Integral nonlinearity error refers to the deviation of each individual code from a line drawn from “zero scale” through “positive full scale.” The point used as “zero scale” occurs 1/2 LSB before the first code transition. “Positive full scale” is defined as a level 1 1/2 LSB beyond the last code transition. The deviation is measured from the middle of each particular code to the true straight line.

An ideal ADC exhibits code transitions that are exactly 1 LSB apart. DNL is the deviation from this ideal value. Thus every code must have a finite width.

The Starfish PRO uses a Linear Technology LTC2206 A/D converter. The Analog Devices AD9826 is an A/D converter that is widely used by our competitors in their CCD cameras.

In the above charts you can see a dramatic difference between the two A/D converters. Note the deviation from the ideal straight line in the INL charts. Note the difference in scale on the Y-Axis. The converter used in the Starfish PRO deviates less than 1 LSB from the ideal straight line while the competitor's A/D converter can be off as much as 15 counts from the ideal line. That is akin to throwing out 4 LSBs of a 16 bit A/D converter chipʼs range. The DNL charts also show dramatic performance differences.

By the way, the performance differences are not at all unexpected since the AD9826 converter was designed over 10 years ago while the LTC2206 is a modern converter design. The old saying “you get what you pay for” holds true for A/D converters. The LTC2206 cost $69.04 while the AD9826 can be purchased for $9.40. Which A/D chip would you want to have in your camera?

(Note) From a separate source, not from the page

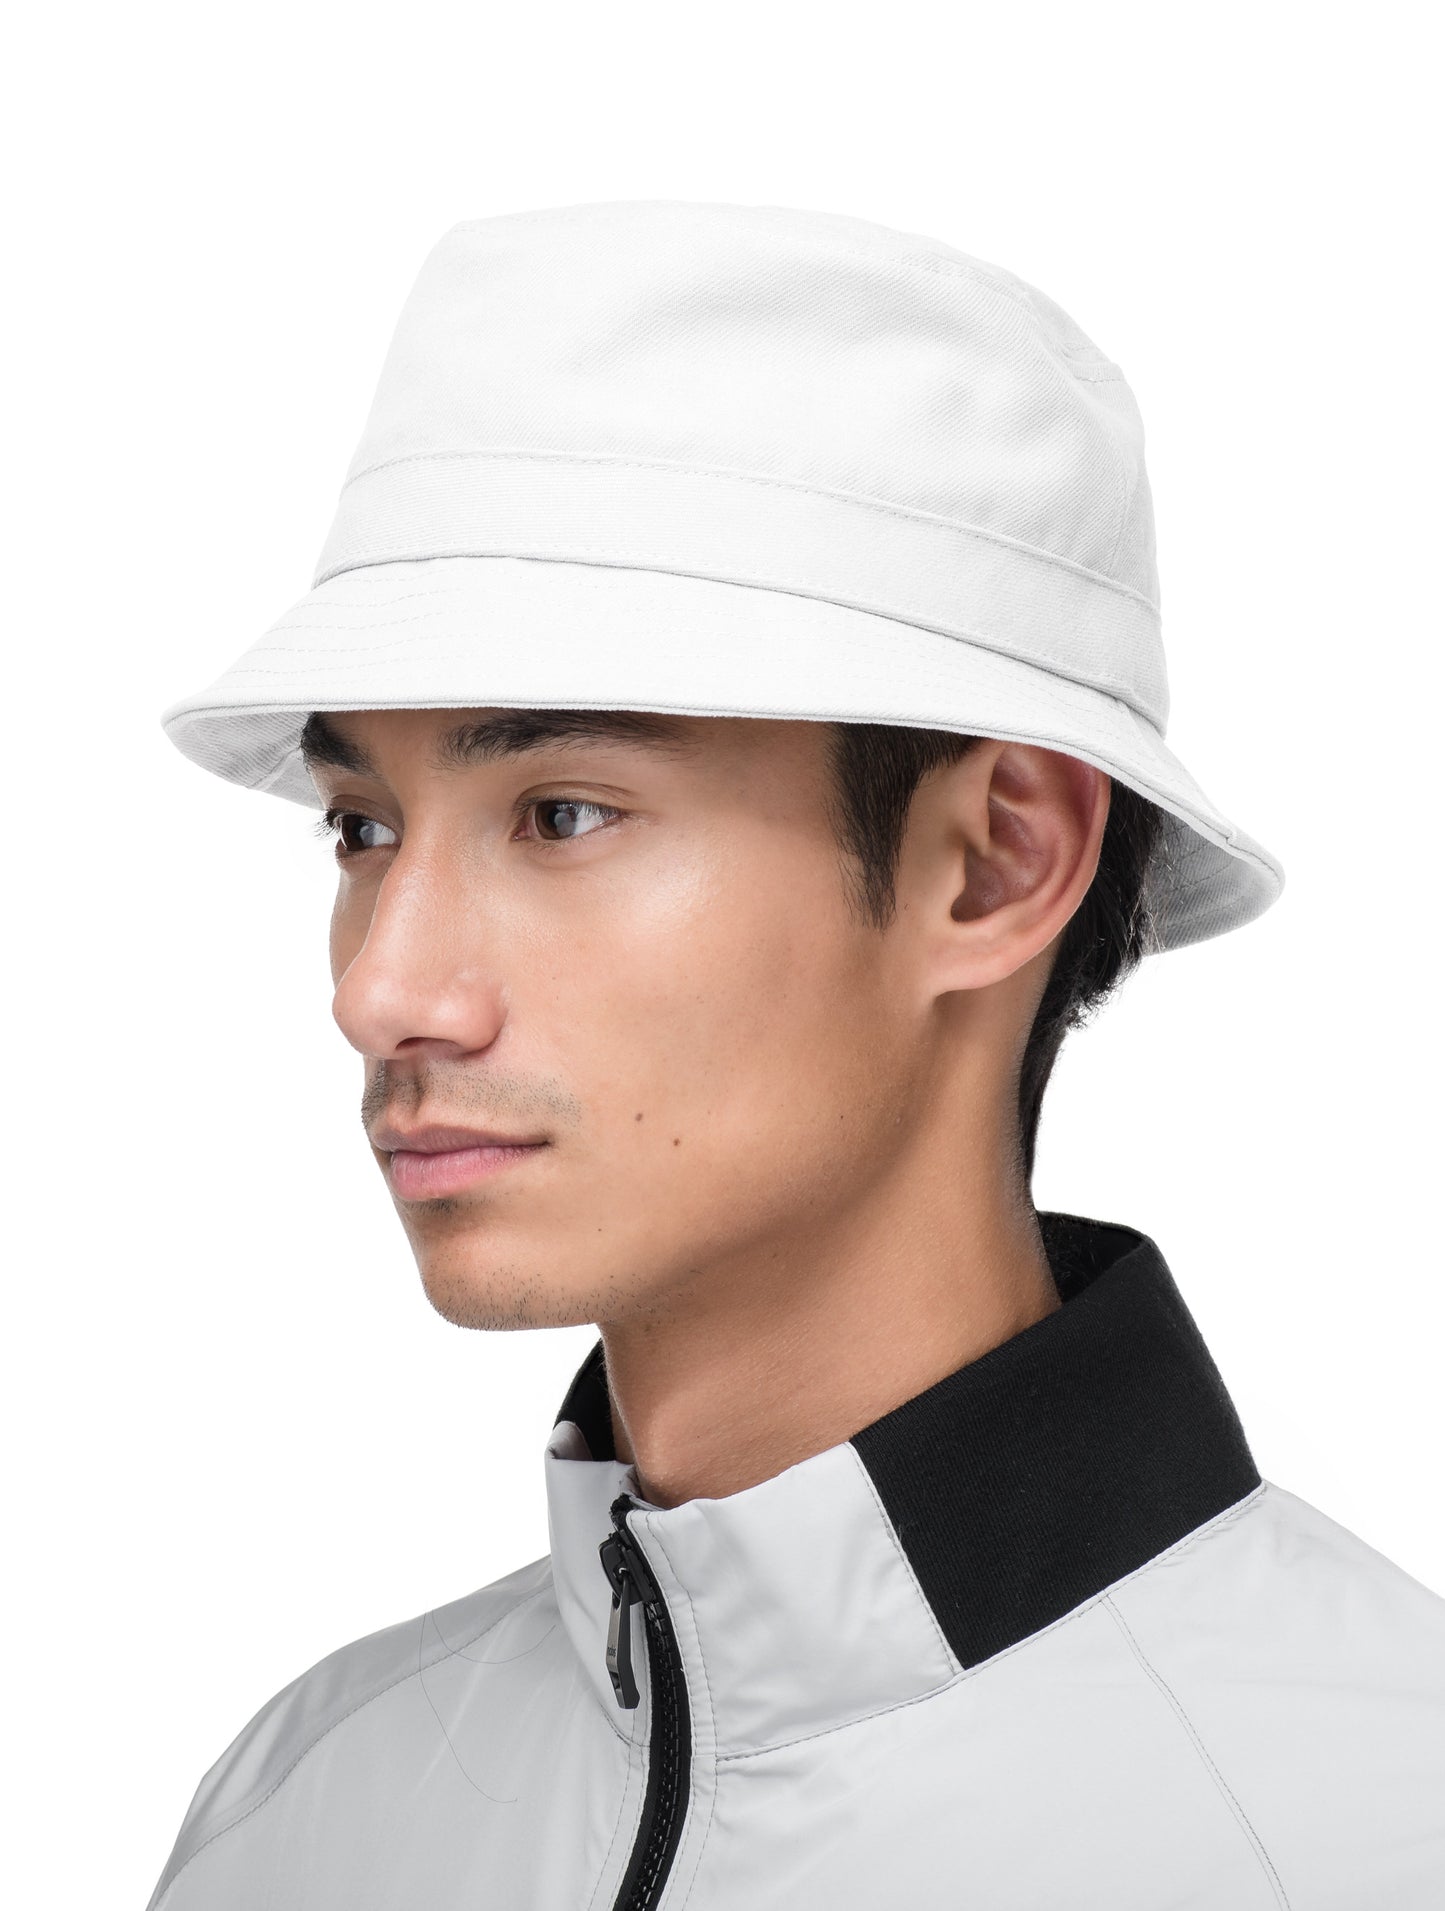 Unisex bucket hat with flat crown top and stitching detail on brim in Optic White

Cooling is a very important design aspect of long-exposure CCD based cameras. As exposure times are increased, the dark current accumulating in the pixels of the image sensor can build up to unacceptable levels. One way to mitigate the affects of sensor dark current is to cool the image sensor.

The Starfish PRO camera does this with a two-stage TEC cooler that is mated to a heat sink that is an integral part of the CCD sensor mounting mechanism of the camera. The heat sink becomes the backside of a sealed chamber that houses the CCD chip. Mounted on the top of the chamber is a metal cover that includes a 2-side AR coated glass window that completes the seal. This allows for efficient thermal transfer on both sides of the TEC cooler as well as providing a seal to prevent moisture condensation on the image sensor when cooled. A desiccant capsule is placed within the chamber to absorb any latent moisture in the chamber over time.

Cooling of the heat sink is assisted by a forced-air cooling fan mounted an the heat sink's backside. A high-quality, ball bearing, fan is used to minimize any vibration.

All of this allows us to achieve -30 Degrees C cooling from ambient. Of course the cooling is regulated and the target temperature is user settable via software.